Hello,
I am a newbie in Python and maybe this is a stupid question, but when I run this code I receive a very strange output.

status = 0
for i in range(10):
    status = status + 0.1        
        
    if status == 0.1:
        print status
    elif status == 0.2:
        print status
    elif status == 0.3:
        status
    elif status == 0.4:
        print status
    elif status == 0.5:
        print status
    elif status == 0.6:
        print status
    elif status == 0.7:
        print status
    elif status == 0.8:
        print status
    elif status == 0.9:
        print status
    elif status == 1.0:
        print status

At first I supposed that I will receive something like this:
>>>
0.1
0.2
0.3
0.4
0.5
0.6
0.7
0.8
0.9
1.0
>>>

But finally I was really surprised. Output looks like this:
>>>
0.1
0.2
0.4
0.5
0.6
0.7
>>>

Could somebody tells me what I am doing wrong?

Recommended Answers

All 4 Replies

This happens with many computer languages. You are trying to compare floating point values directly. Your 0.8 might be more like 0.799999999999999 and the compare flunks!

You can make this work by giving it a range you can compare within ...

if 0.79999 < status < 0.80001:
    ... do something`

Look at the line following
elif status == 0.3:
And why do you have if/elif? Why not just print the value?

Thanks for an answer. It was just an example which really surprise me. But is there a way how to compare two float numbers without unpredictable results?

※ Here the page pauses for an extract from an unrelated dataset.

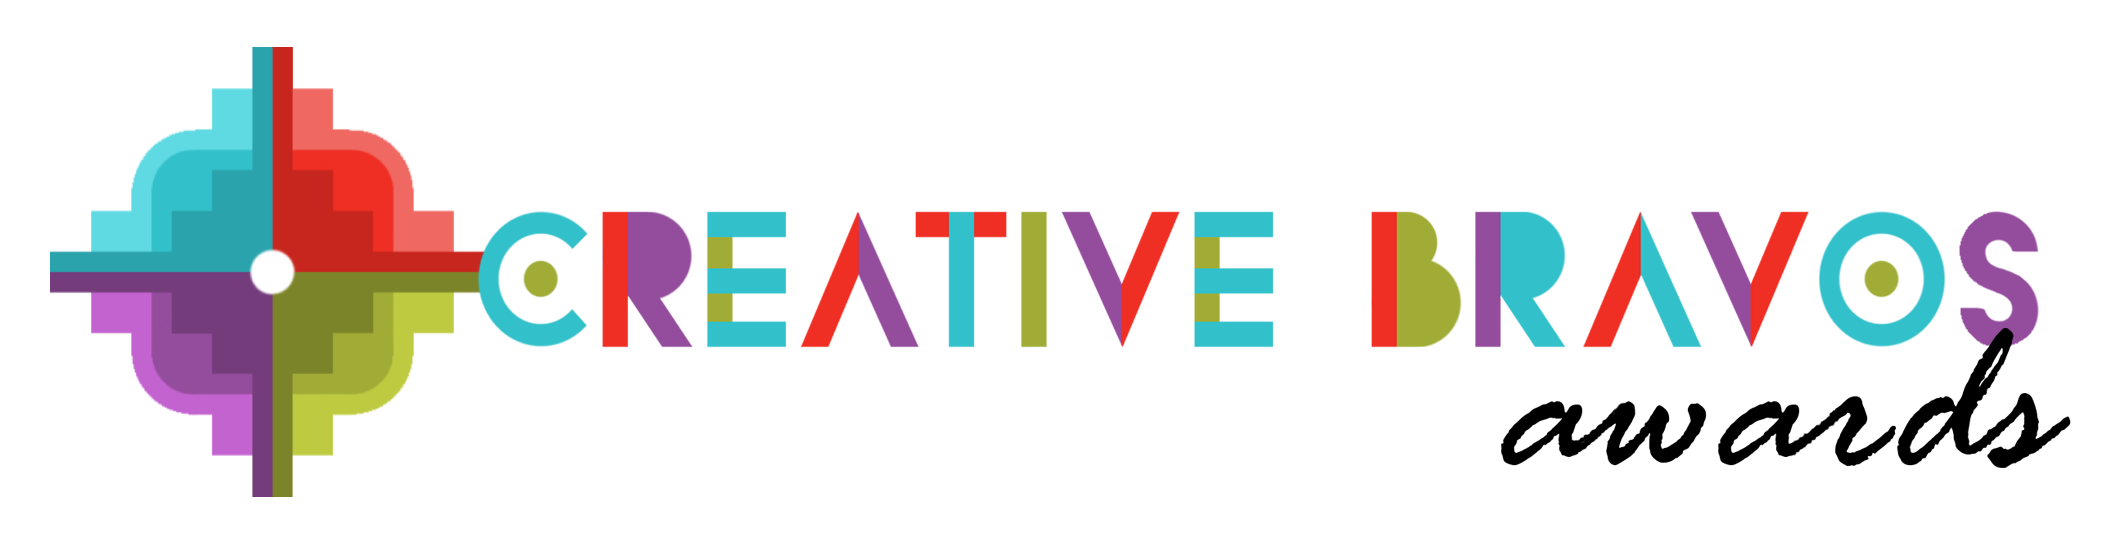 The Creative Bravos Award logo

Well, there are actually three issues in the code:

(1) is a matter of efficiency, which woooee already raised.

status = 0
for i in range(10):
    status = status + 0.1        
    print status

does what you wanted to do, and is cleaner to read. One payoff of this approach is that...

(2) ...in your original code, you didn't get 0.3 in the output because you left out the print statement. The lines

elif status == 0.3:
    status

have the effect of evaluating, but not printing, status. And then throwing away the result, because you aren't doing anything with it.

(3) Finally, comparing floating points is a common source of bugs. Even if we worked with BCD, so that we didn't have to work about base-2 to base-10 errors, still and all, our decimal approximations would still lead to imprecision. For example, the test π == 3.14159265358979 is False.

Vega gives a very good approach to this by selecting a range. My own approach is to define a function that is in my code base:

def fuzzyequals(a,b,epsilon = 0.0001):
   return abs(a-b) < epsilon

This function returns True if a is within the "halo" of b; that is, if b-epsilon < a < b+epsilon.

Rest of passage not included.